Председатель Вахрамеев мягко, но крепко положил ей руку на плечо:
Ладно, гражданка, перестань реветь! Обойдётся — у тебя вся жизнь ещё. Двигай вперёд.
— А как же развод? Оформите? — сквозь слёзы спросила Грунька.
— Пара пустяков! — рассмеялся Вахрамеев. — Дело в том, что твоё замужество не оформлено в законном порядке, ещё не получено разрешение на брак с иностранцем. Мы его просто не будем регистрировать и вся недолга.
Через час из итээровского городка вдоль берега Шульбы в село шествовала живописная процессия: впереди тётка Матрёна вела на верёвке пегую "продуктивную" Бурёнку, а следом, пятка к носку, семенили все пятеро сестёр, и у каждой в охапку остатки домашнего скарба: вёдра, чайник, вилки-ложки, сковородки, коромысло — всё, что не билось, не ломалось, не горело и надёжно обещало устойчивое будущее.
Бурёнка шагала неспешно, важно, уверенно ставя раздвоенные копыта, и, когда временами задерживалась, чтобы полакомиться придорожными лопухами, вся компания благоговейно останавливалась, замирала, слушая вкусное похрустывание травы.
Глава 20
Викентий Фёдорович Шилов не любил вспоминать своё детство. Необузданная деспотическая любовь родителей рано сформировала в нём неприязнь ко всему, что давит и закабаляет, уже гимназистом он наглухо замкнулся в себе, ощетинился на весь мир. Он считался вундеркиндом, а это требовало сдержанности и давало право на жестокость.
Его всегда занимали потёмки человеческой психики — вопиющая непоследовательность и дисгармония рядовой натуры. Ему нравилось делать пакости, обставляя их таким образом, что именно ему же потом лизали руки в знак благодарности.
Вероятно, он далеко бы пошёл, если бы родился в другое время. Старый мир рушился, и под его обломками хрустели человеческие судьбы, выживали лишь те, кто сумел заранее переориентироваться. Он не испугался и не собирался меняться — верил в свою судьбу. И ещё верил в то, что такие, как он — непримиримо последовательные, навсегда одержимые — нужны обществу в любые времена.

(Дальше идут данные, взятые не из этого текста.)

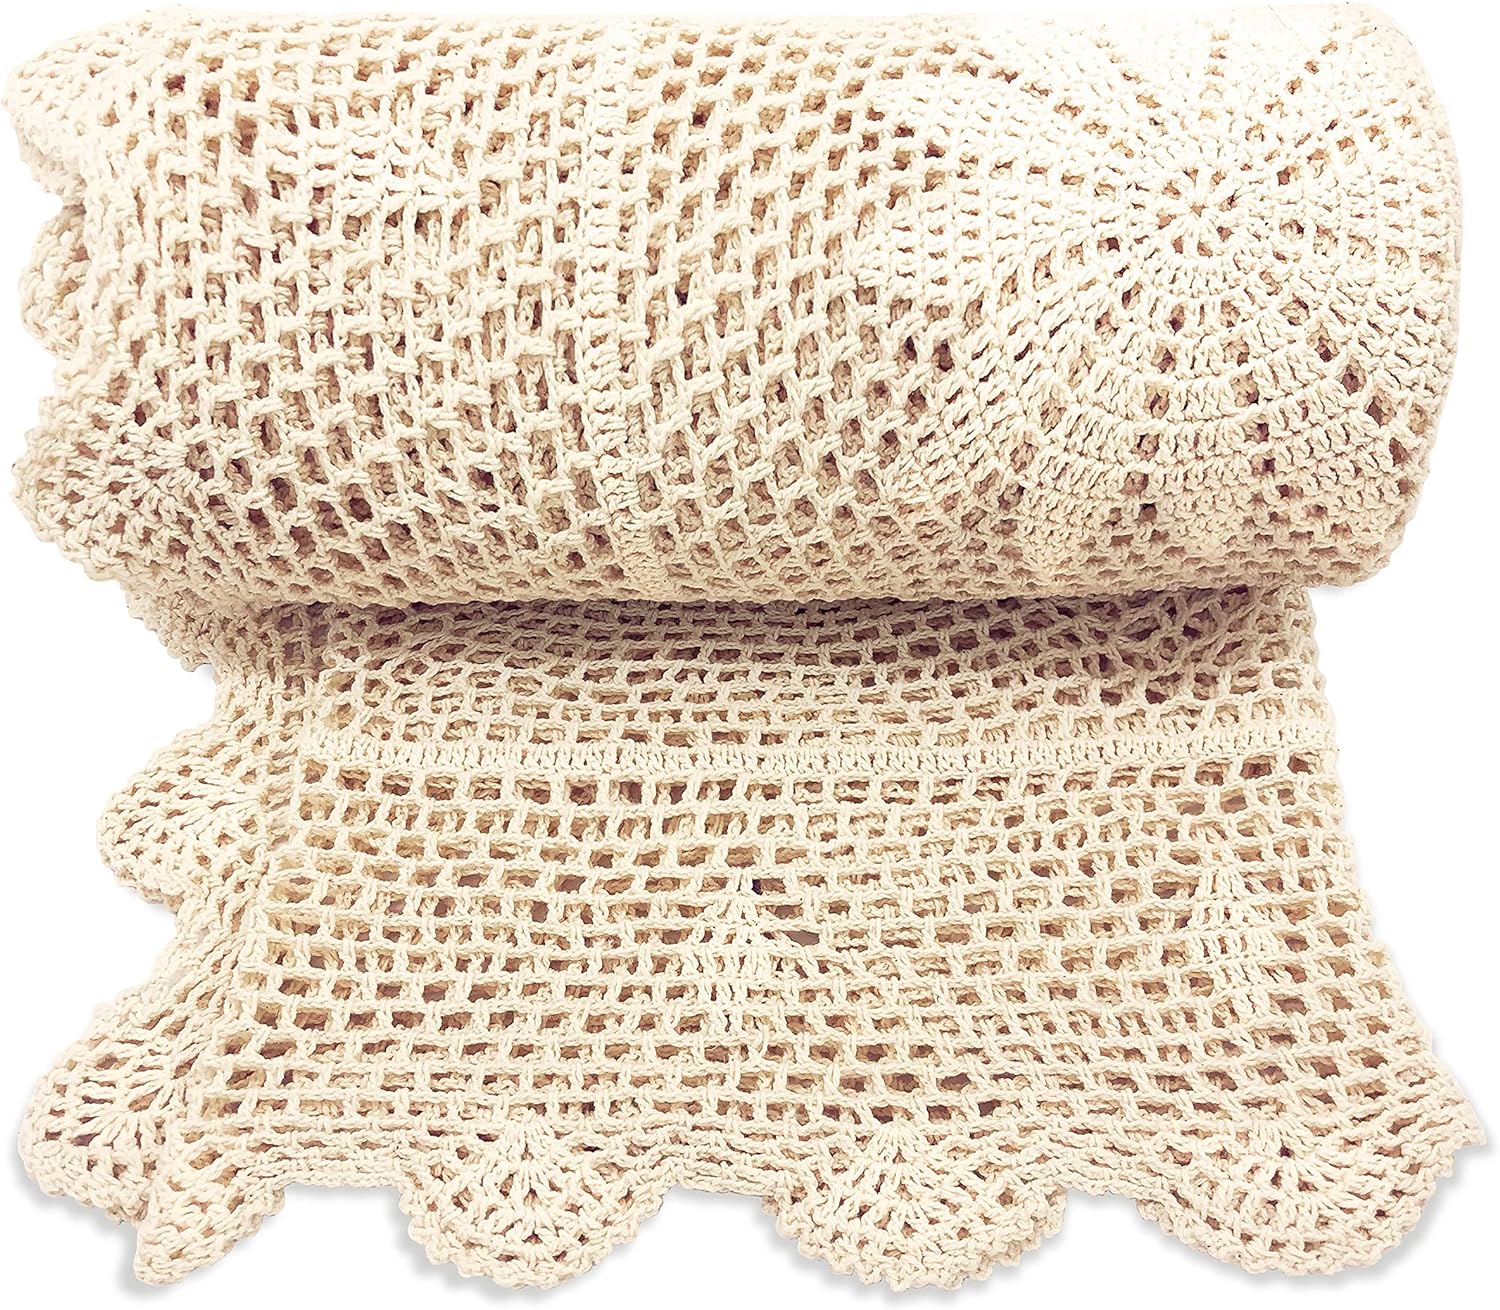 Zenviro Boho Throw Blanket, 50"x60", 100% Hand Knitted Crochet Throw Blankets,100% Cotton Knit Beige Throw, Decorative, Vintage Lace Blanket, Boho Decor, Photo Prop, Lightweight
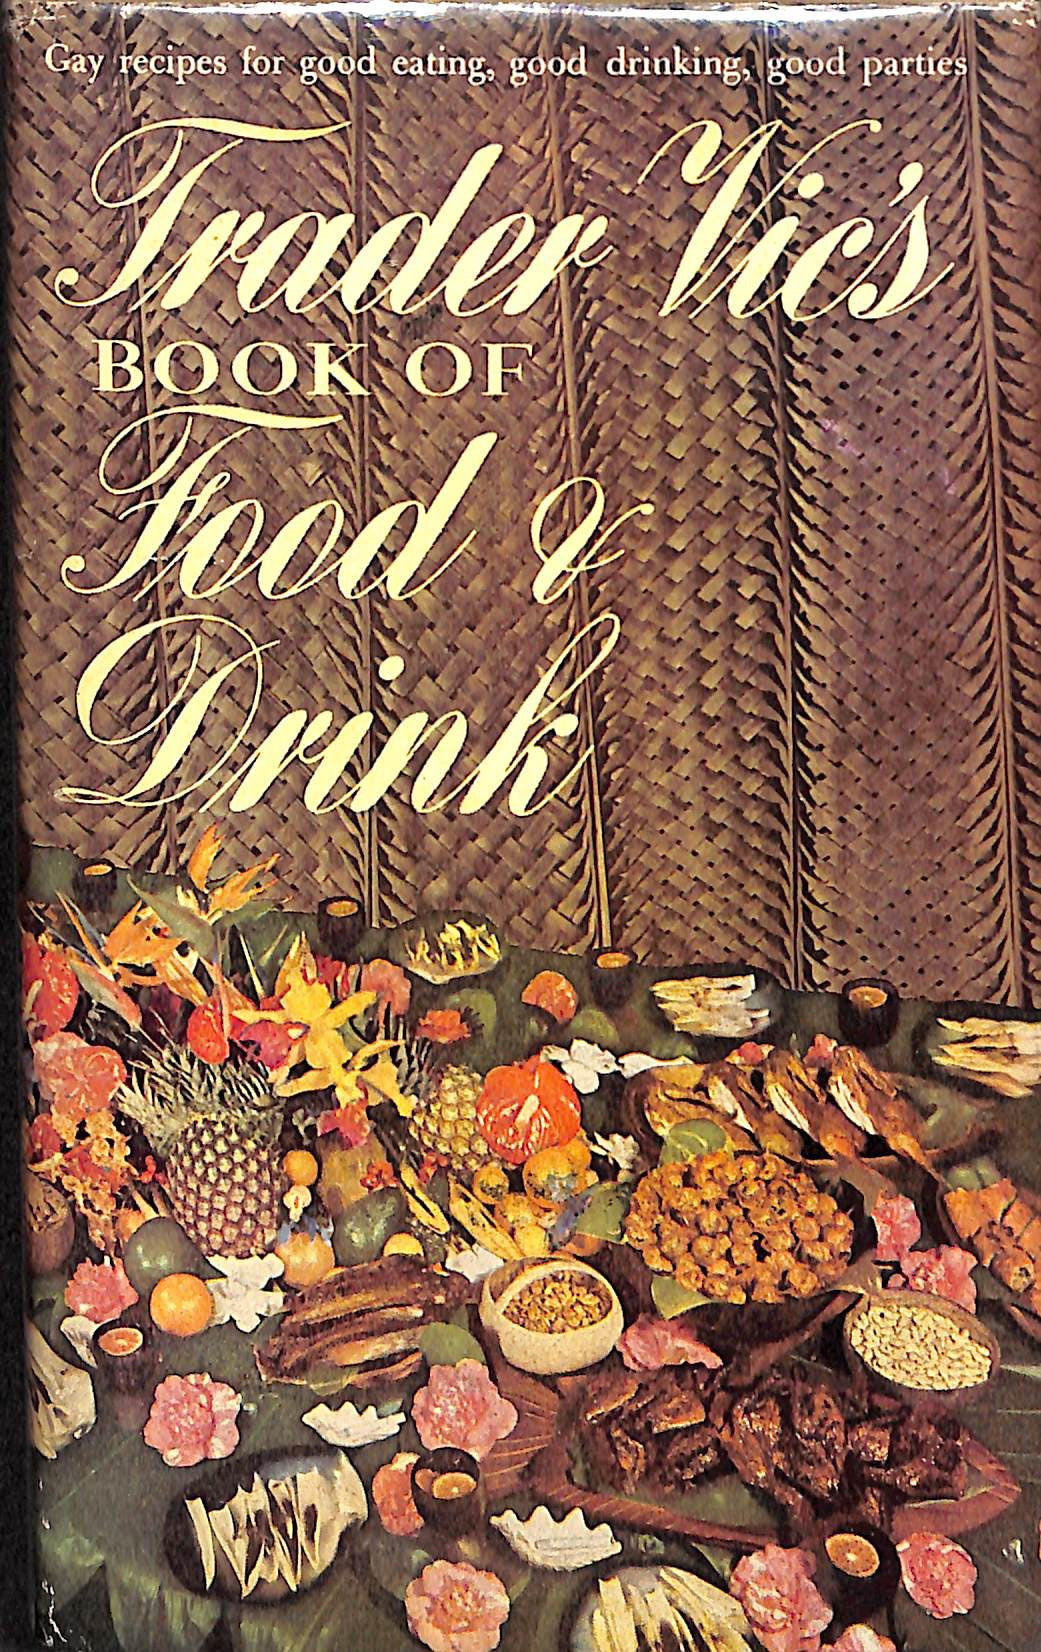 "Trader Vic's Book of Food & Drink" VIC, Trader (SOLD)

И не ошибся: примитивно-напыщенные народнические взгляды отца, демократствующего присяжного поверенного, молодой Шилов сумел удобненько трансформировать в прокрустово ложе девизов эсэра-боевика (отрубив и отбросив кое-что из явно крикливого, архаического), а ещё позднее, тоже без труда, приспособил всё это к красному сундуку идейного багажа приверженцев Троцкого. Ему особенно нравилось, что безудержную брызжущую энергию самовосхваления Троцкий выдавал за "кипучую революционную страстность".
В конце концов, он видел прямую преемственность в главном: не массы, а выдающиеся одиночки решали судьбы истории. Народные массы лишь создавали фон, бесконечно варьировали рецепты и компоненты гигантской социальной каши, которую варили опытные, изощрённые и прозорливые повара-вожди. Что касается идей и лозунгов, то это были своего рода специи и соусы, придававшие остроту, привкусы так называемой классовой борьбе. И не более того. Торчать и держаться, даже если захлёстывает девятый вал, советовал когда-то Троцкий… Ну, а смысл? Именно в этом и смысл. Рассуждающий становится дряблым. Если и размышлять, то только о том, как успешнее, лучше, рациональнее исполнить своё высокое предназначение. Как надёжнее торчать…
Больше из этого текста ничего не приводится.